# Howard TV on Direct?



## mike62 (Mar 9, 2006)

I looked on DTV website and did not see any mention of any Howard Stern programming but I would almost swear I heard him mention being on Direct the other day. Has anyone heard of this possibility?


----------



## Paul Secic (Dec 16, 2003)

mike62 said:


> I looked on DTV website and did not see any mention of any Howard Stern programming but I would almost swear I heard him mention being on Direct the other day. Has anyone heard of this possibility?


Stern is on Sirus.. D & E don't want to pay for copywrited mateial. It's highly unlikely.


----------



## Nick (Apr 23, 2002)

Paul Secic said:


> Stern is on Sirus.. D & E don't want to pay for copywrited mateial. It's highly unlikely.


D* and E* retransmit copyrighted material all the time -- they just pay for the retrans -- what's the big deal?

Although Stern's a slug, he's no worse than (not then) some of the garbage, I mean, comedy on SHOW & HBO.


----------



## KyL416 (Nov 11, 2005)

If you're talking about Howard Stern on Demand, I doubt it, since iNDemand is the one who distributes the Howard Stern on Demand service.

On a side note, he could have been talking about Wendy the Retard calling up Opie and Anthony during their show, which is available on D*.


----------



## Steve Mehs (Mar 21, 2002)

In Demand is a joint venture from Comcast, Time Warner and Cox so no Stern On Demand won't be on DirecTV anytime soon.
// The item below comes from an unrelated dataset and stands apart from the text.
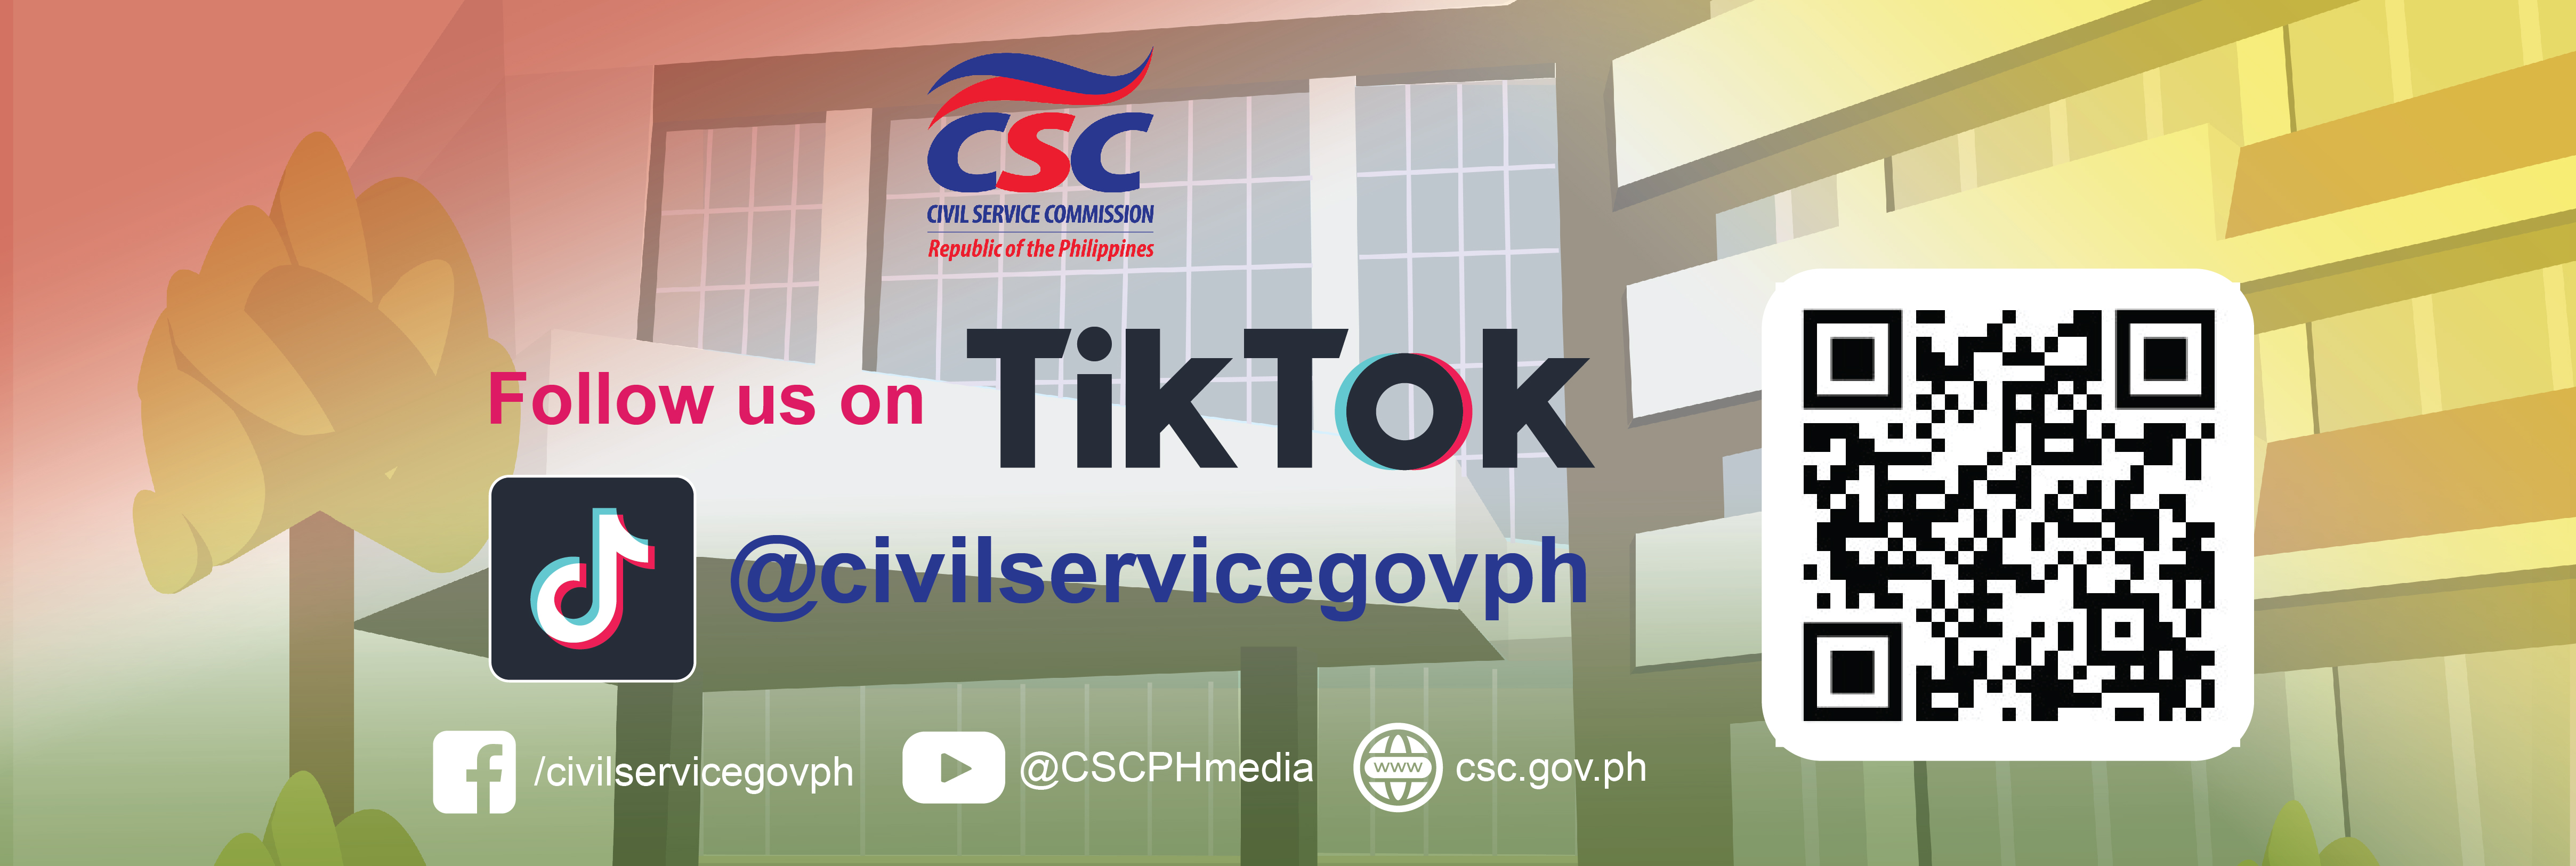 CSC is now on TikTok!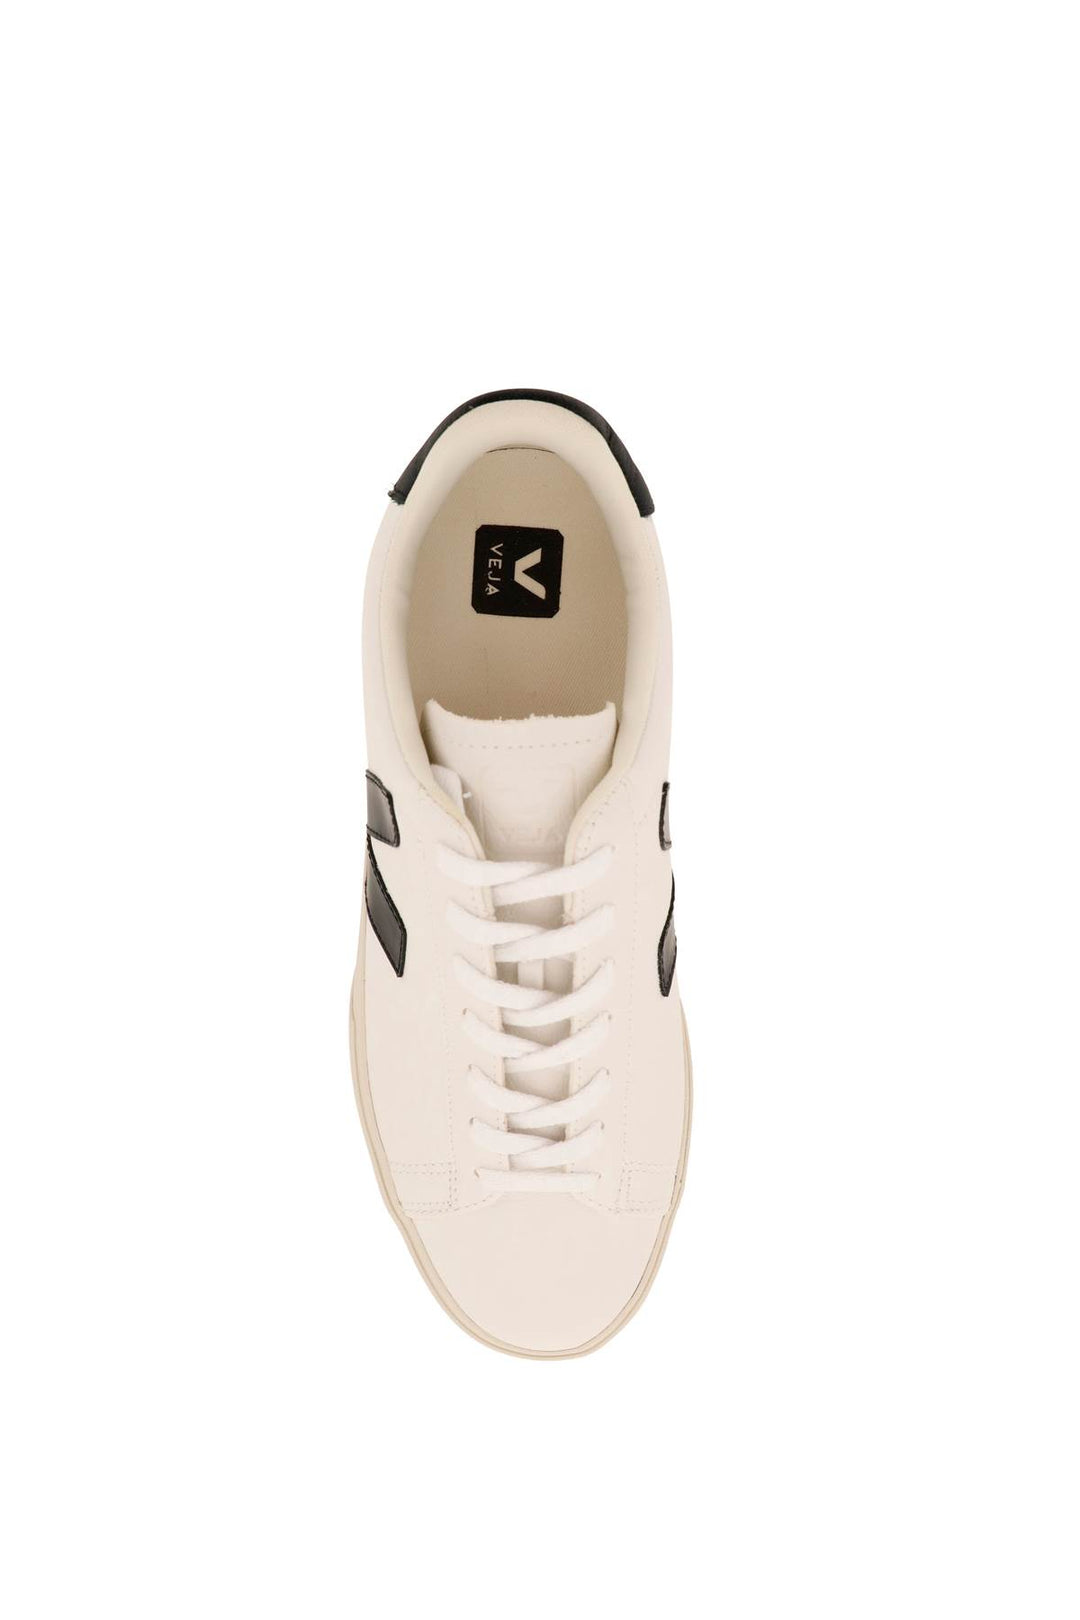 Veja Campo Sneakers   Bianco

I was going to subscribe to Stern On demand but for $13.95, and due to the fact I'm not that big of a fan, I decided against it.


----------



## looknow12 (Nov 25, 2006)

Steve Mehs said:


> In Demand is a joint venture from Comcast, Time Warner and Cox so no Stern On Demand won't be on DirecTV anytime soon. I was going to subscribe to Stern On demand but for $13.95, and due to the fact I'm not that big of a fan, I decided against it.


It's so worth it. My wife isn't a big fan of the radio show...never listens, but elbows me to watch Howard TV.


----------